The experimental results showed that all the tested compounds showed no cytotoxicity at concentrations up to 5000 nM in the dark, but in the case of illumination, the compound of formula (II) and the compound of formula (III) were applied to human lung cancer at pH 6.5 and pH 7.4. PC9 cells the lethal concentration IC ₅₀ values between 78-95nM. However, when the compound of the formula (I) is cultured in a liquid solution of pH 7.4, the concentration is as high as 5000 nM, and there is no photosensitivity at the time of illumination, but the compound of the formula (I) exhibits a very high photosensitivity when the cells are cultured at pH 6.5. activity, IC ₅₀ value of 45nM, this is due to the formula (I) in a tumor acidic environment obtained by hydrolyzing highly cytotoxic compound of formula (II) and a compound of formula (III).
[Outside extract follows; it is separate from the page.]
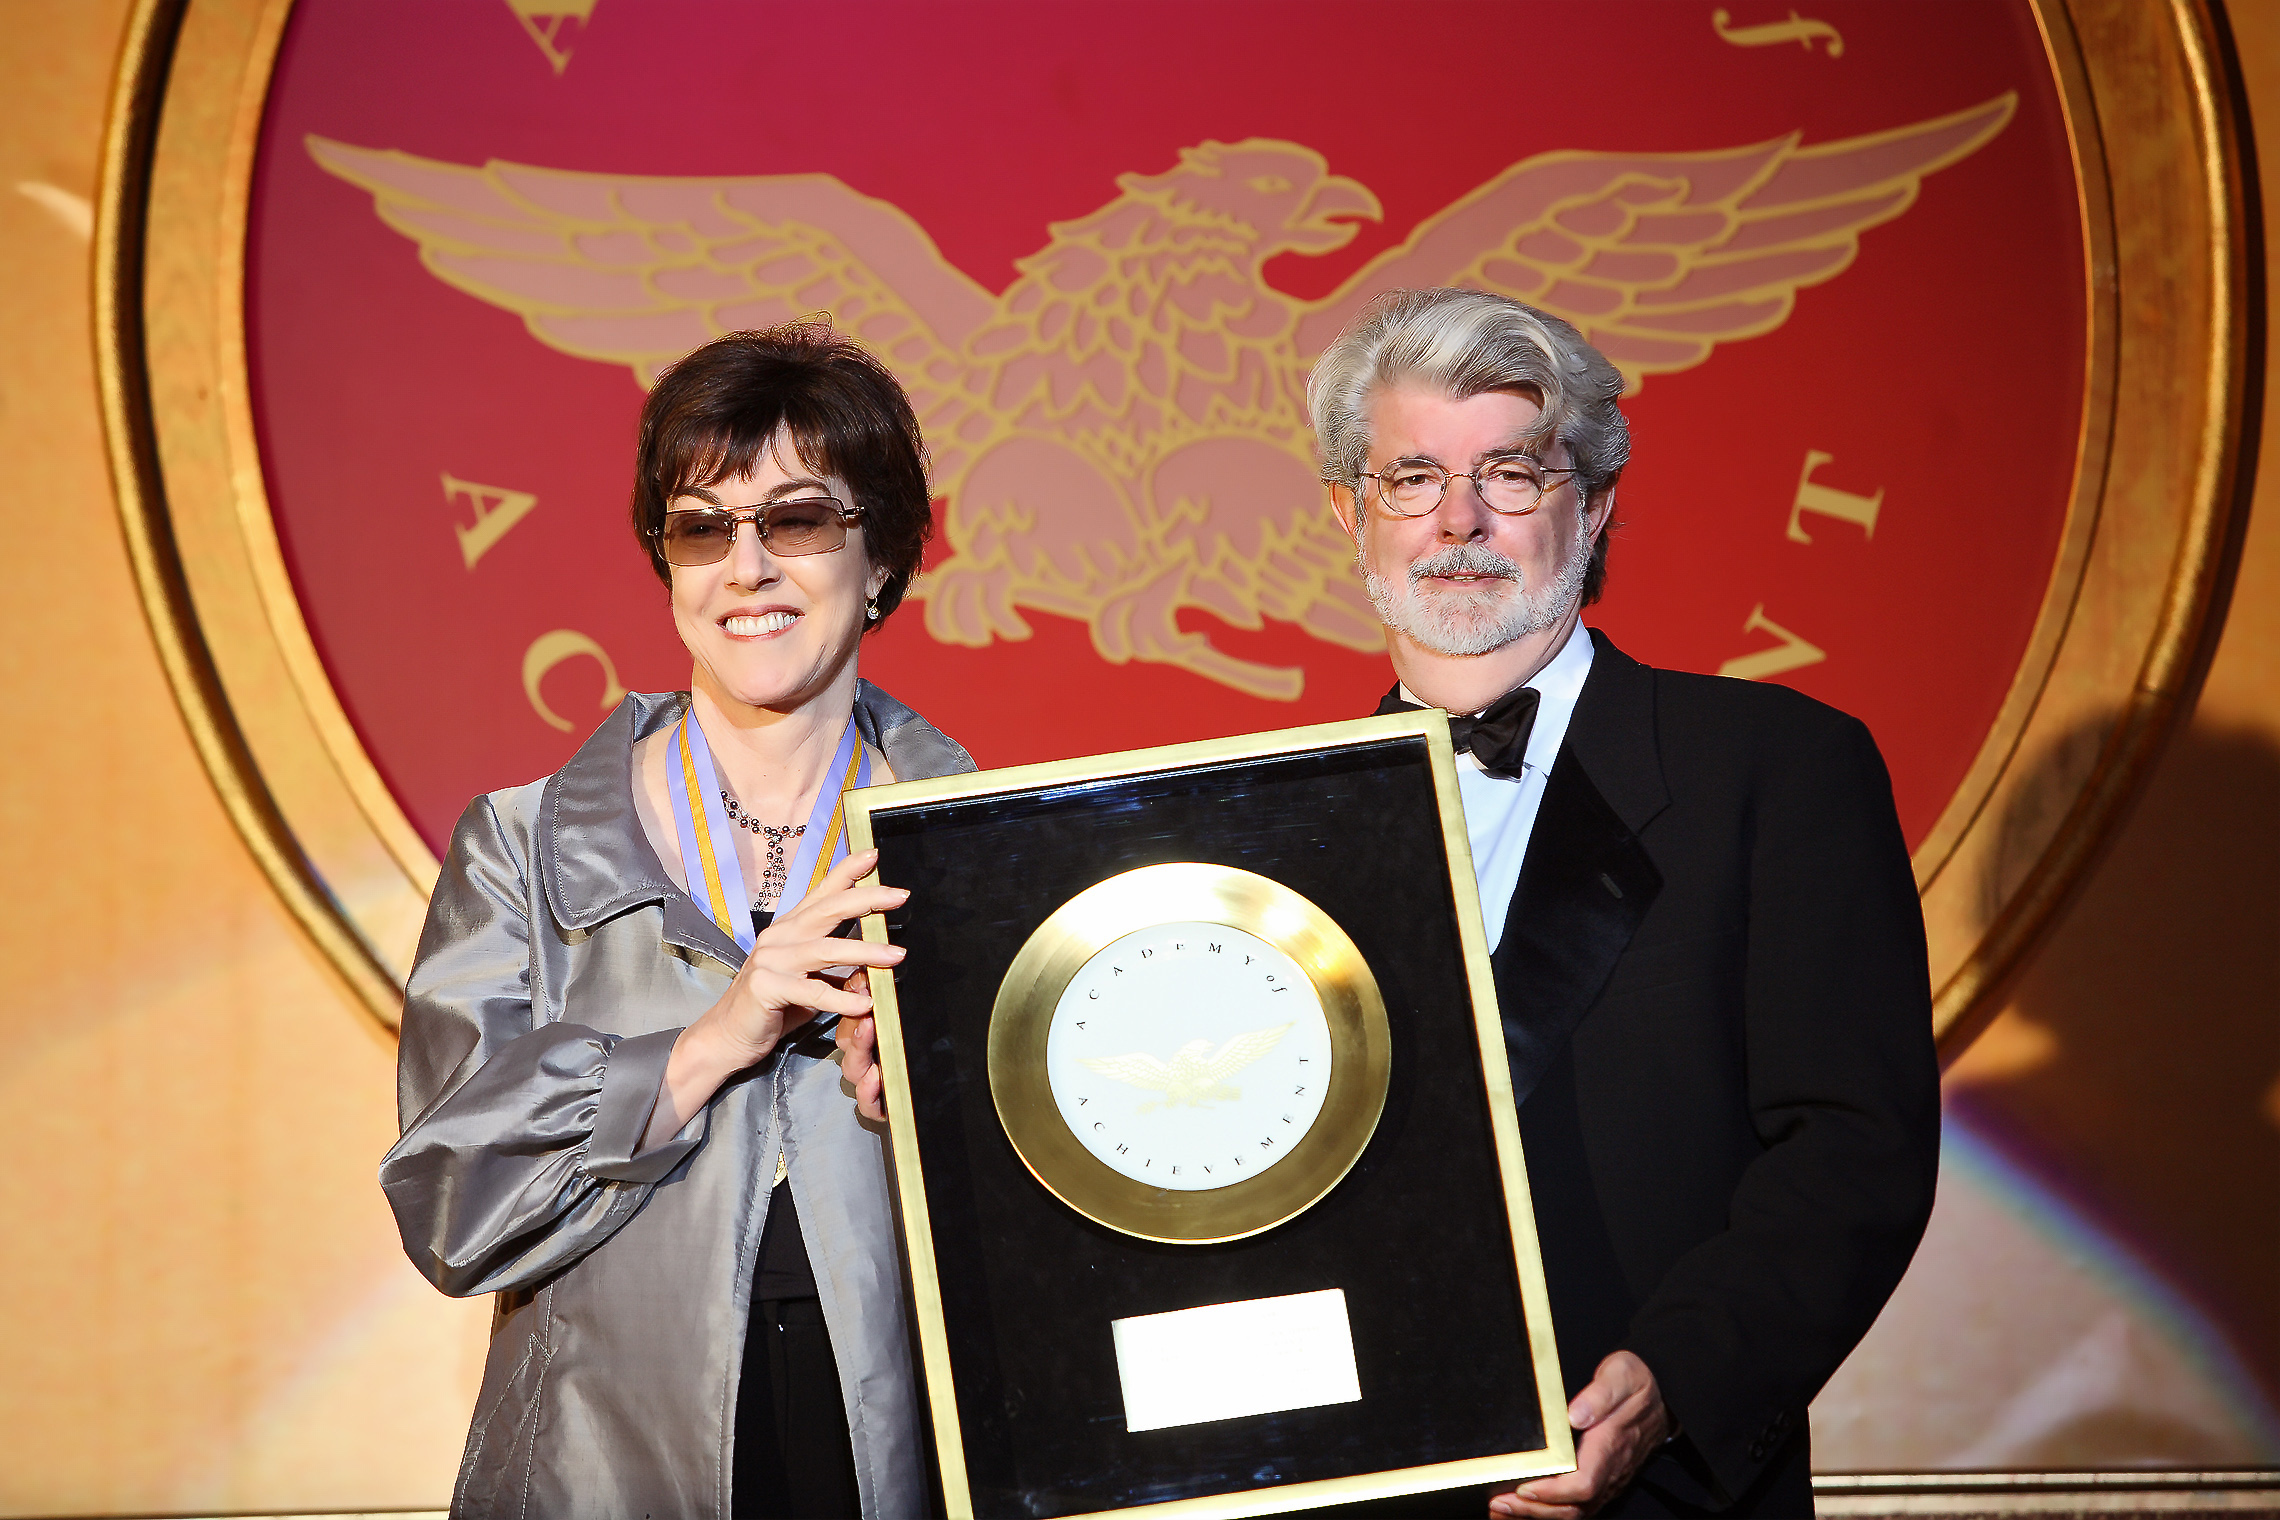  George Lucas, miembro del Consejo de Premios y cineasta, entrega a Nora Ephron el Premio Placa de Oro en la Cumbre Internacional de Logros de 2007 en Washington, D. C.

It is known that almost all solid tumors have a slightly acidic environment, such as lung cancer, stomach cancer, esophageal cancer, breast cancer, bladder cancer, prostate cancer, pancreatic cancer, cholangiocarcinoma, rectal cancer, colon cancer, skin cancer, head and neck. Solid tumors such as cancer, ocular tumor, uterine cancer and ovarian cancer all have a slightly acidic environment, and the compound disclosed in the present patent or a pharmaceutically acceptable salt thereof, or a pharmaceutical composition comprising the same can be prepared as a photosensitizing drug for treating the above cancer.

The above is only the embodiments of the present invention, and is not intended to limit the present invention. Any modifications, equivalents, and improvements made within the spirit and scope of the present invention should be included in the scope of the present invention. Inside.

Claims (5)

1. A compound of formula (I):

   

   Or a pharmaceutically acceptable salt thereof.
2. A pharmaceutical composition comprising a therapeutically effective amount of a compound according to claim 1 and a pharmaceutically acceptable carrier.
3. Use of a compound according to claim 1 or a pharmaceutical composition according to claim 2 for the preparation of a photodynamic drug or a photosensitizing drug.
4. Use of a compound according to claim 1 or a pharmaceutical composition according to claim 2 for the preparation of a medicament for the treatment of cancer.
5. The use according to claim 4, wherein the cancer is selected from the group consisting of lung cancer, gastric cancer, esophageal cancer, breast cancer, bladder cancer, prostate cancer, pancreatic cancer, cholangiocarcinoma, rectal cancer, colon cancer, skin cancer, head and neck. Cancer, eye tumors, uterine cancer and ovarian cancer.